Um Finito Processo de Decisão de Markov (MDP) is a structured representation used in teoria da decisão and aprendizado por reforço to model scenarios where outcomes depend on both the decisions made by an agent and the stochastic nature of the environment. An MDP is defined by the following components:
- Estados (S): A finite set of states that represent all possible situations the agent can encounter.
- Ações (A): A finite set of actions available to the agent, which can influence the transition from one state para outro.
- Transição Probabilidade (P): A function that defines the probability of moving from one state to another given a specific action. This is often denoted as P(s’|s,a), the probability of reaching state s’ from state s by taking action a.

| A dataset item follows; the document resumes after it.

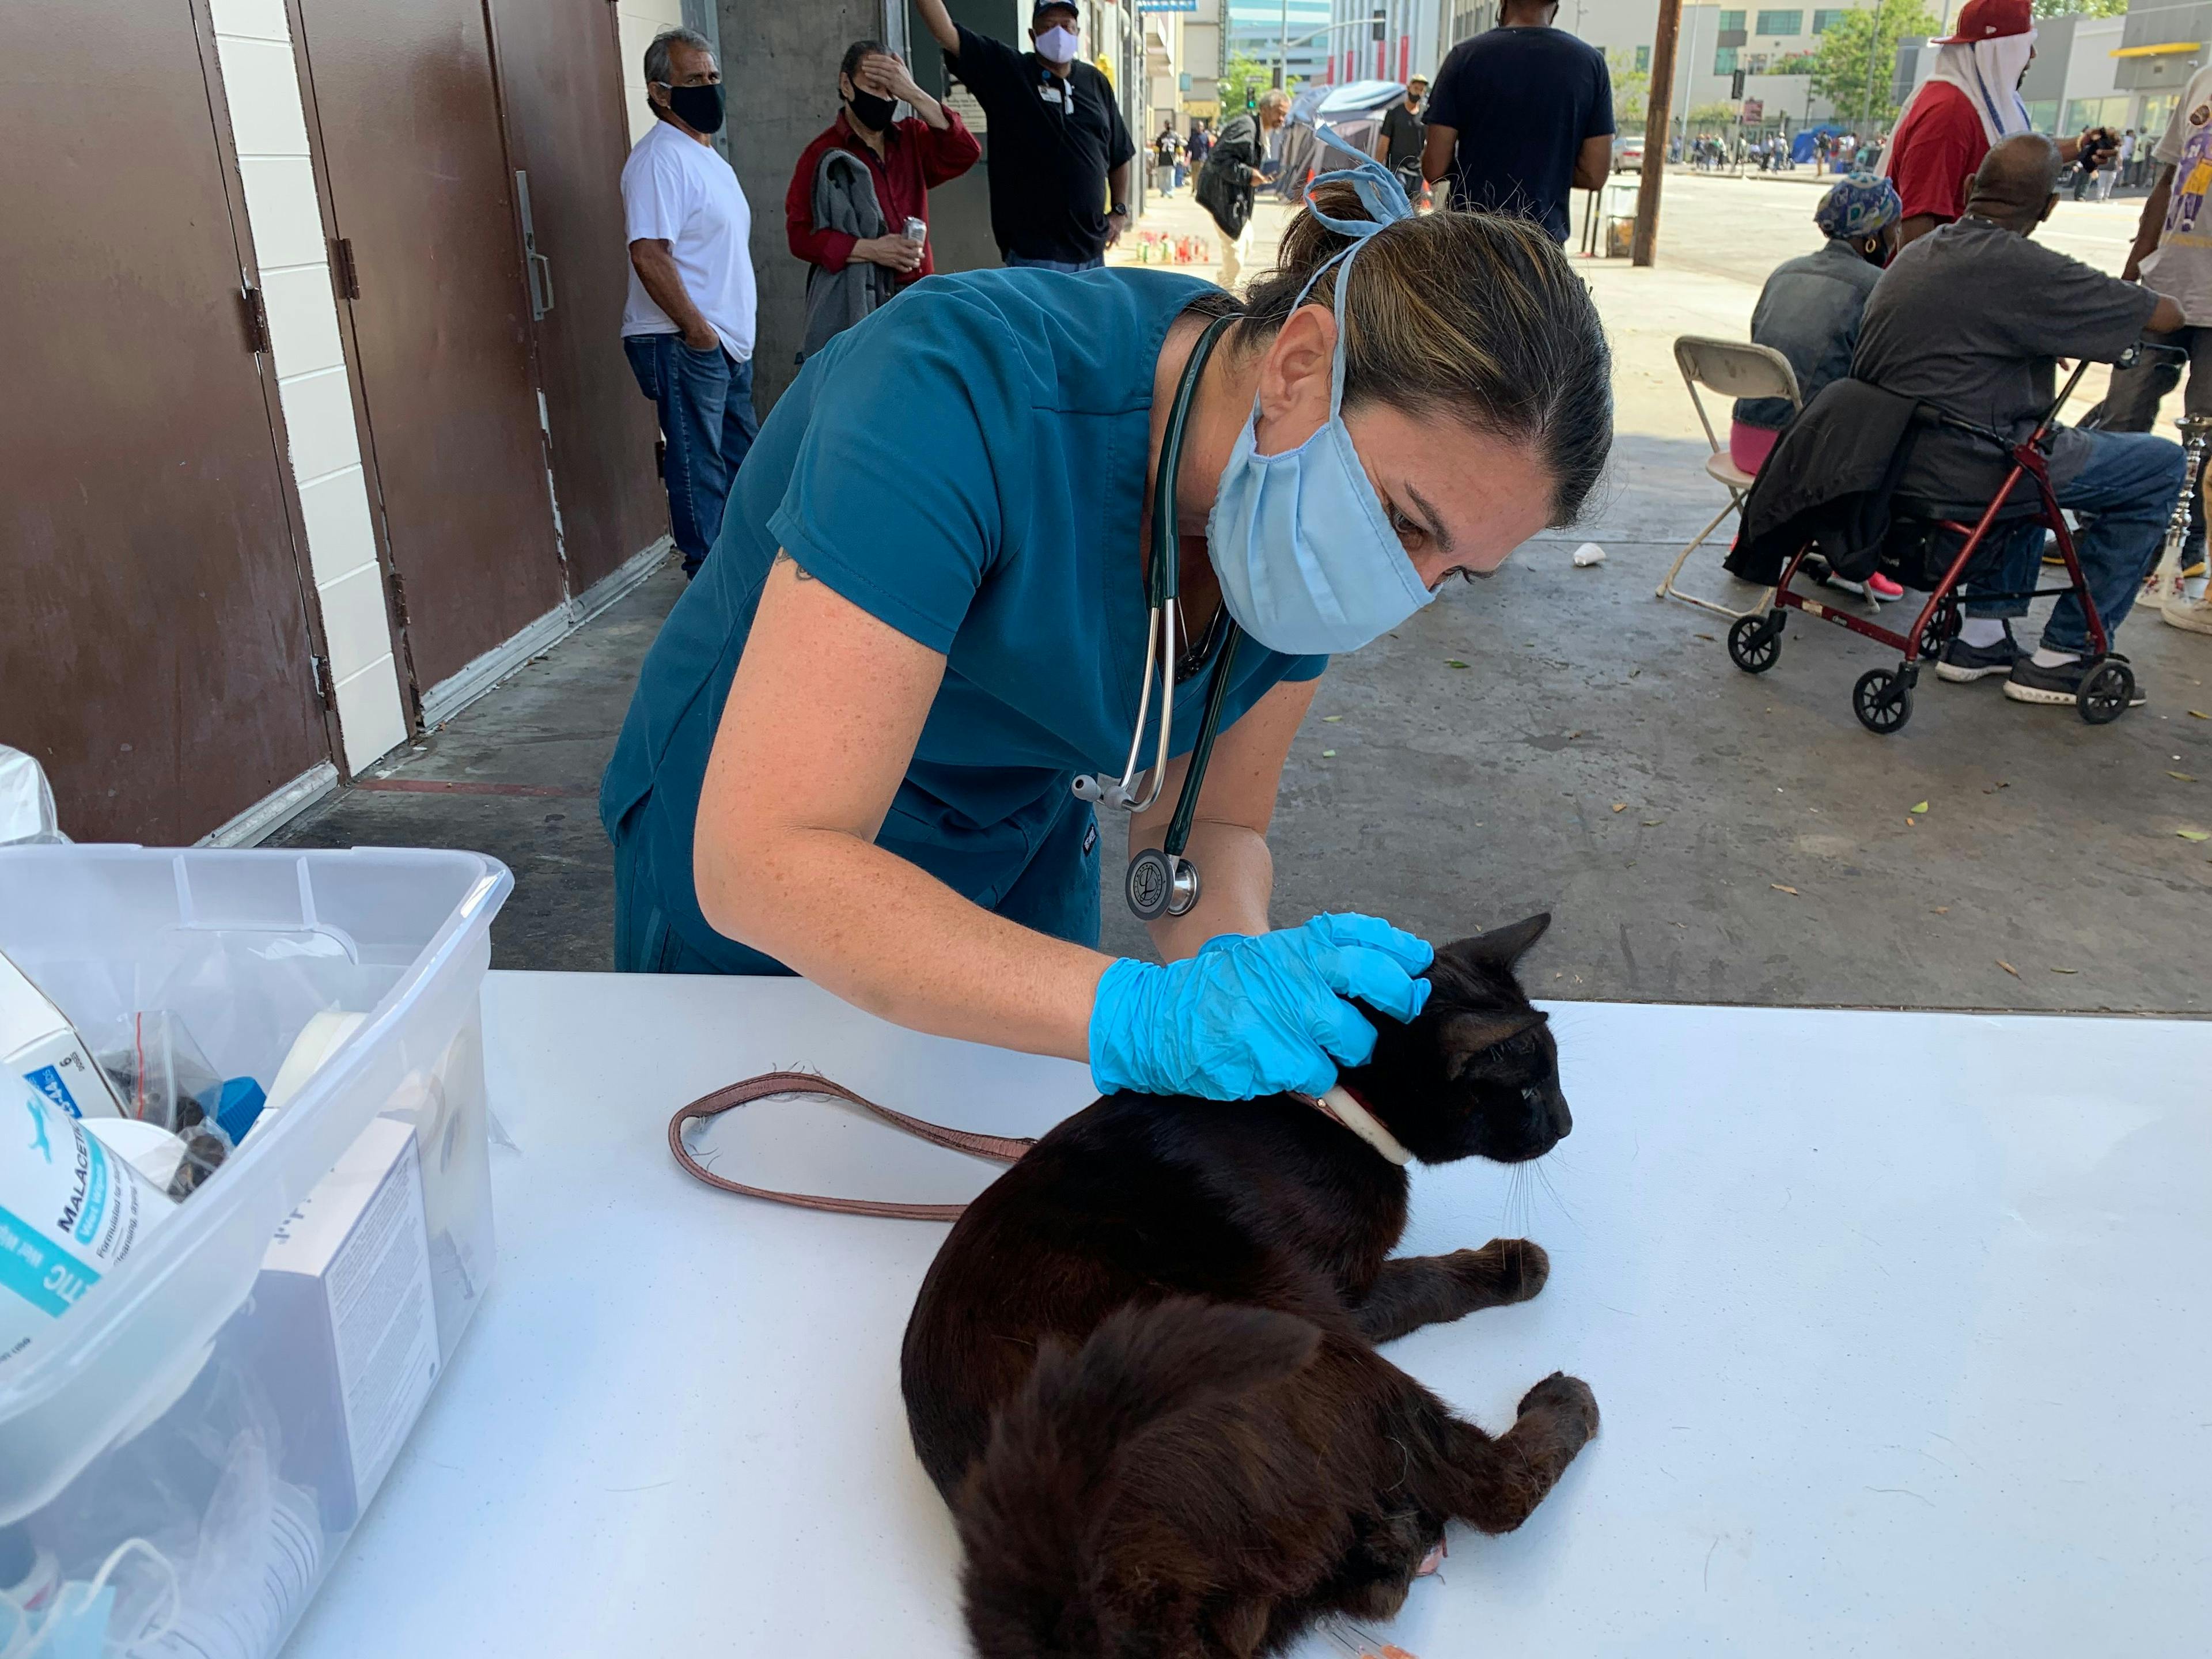 ElleVet kicks off second mobile relief tour expanding free veterinary care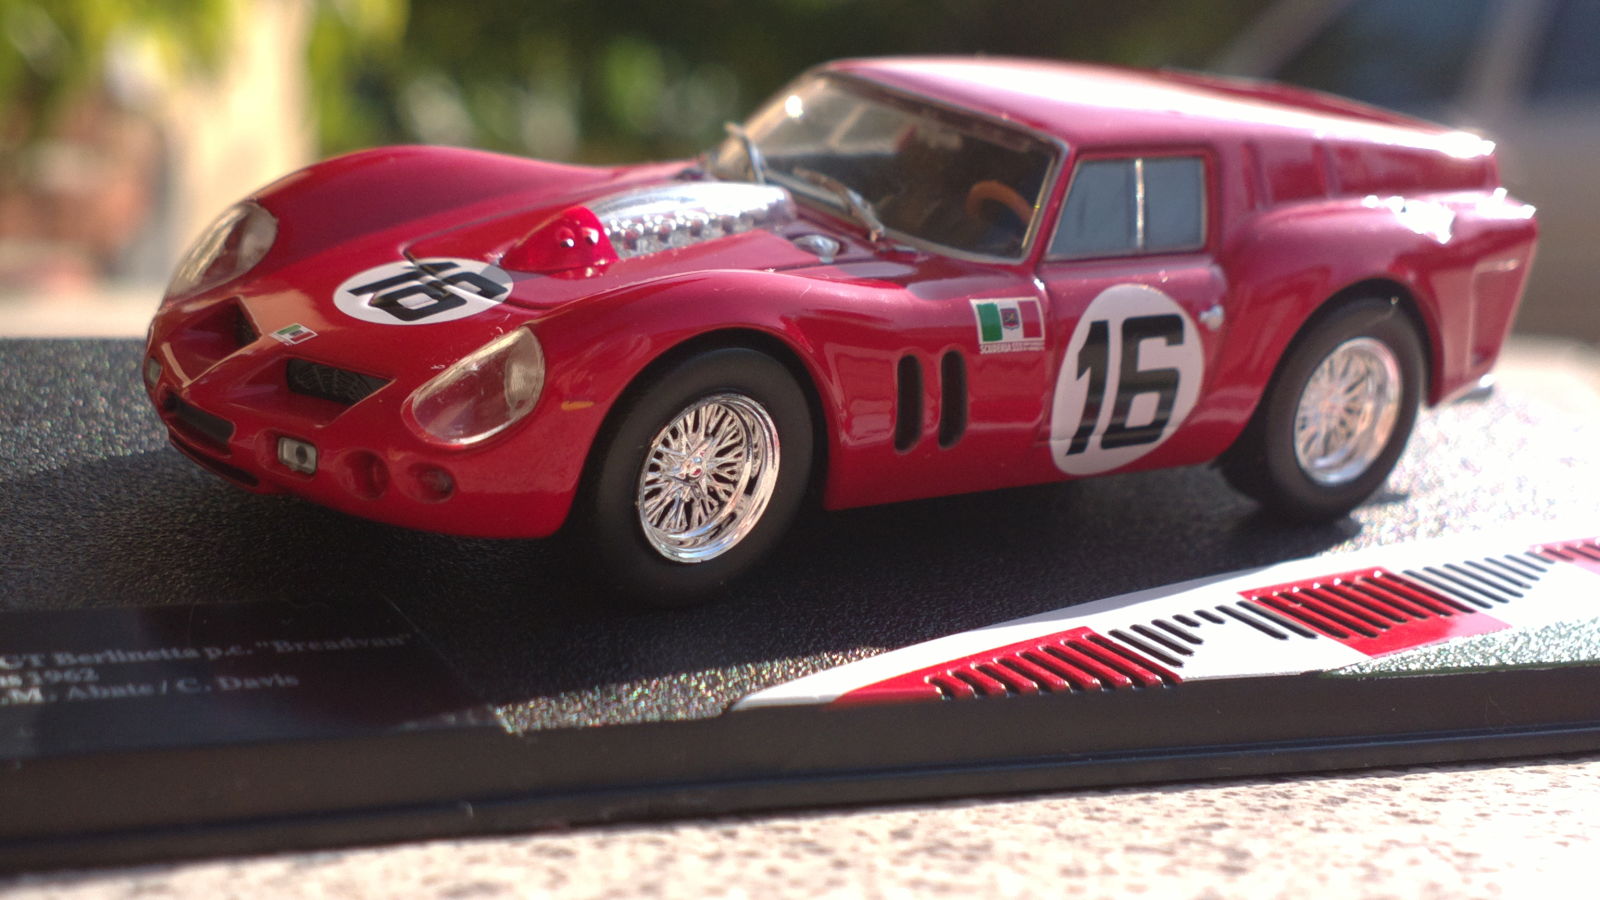 Illustration for article titled Concours dModella - 1962 Ferrari Breadvan

- Recompensas (R): A função de recompensa that assigns a numerical reward to each state or state-action pair, guiding the agent towards desirable outcomes.
- Fator de Desconto (γ): A factor between 0 and 1 that determines the present value of future rewards, allowing the agent to weigh immediate rewards more heavily than those received later.
Os MDPs são amplamente utilizados em várias áreas, incluindo inteligência artificial, robotics, economics, and operations research, as they provide a formal way to model sequential decision-making problems. The goal in an MDP is to find a policy—a mapping from states to actions—that maximizes the expected cumulative reward over time. Solving an MDP typically involves algorithms such as Value Iteration or Policy Iteration, which help identify the optimal policy for the agent.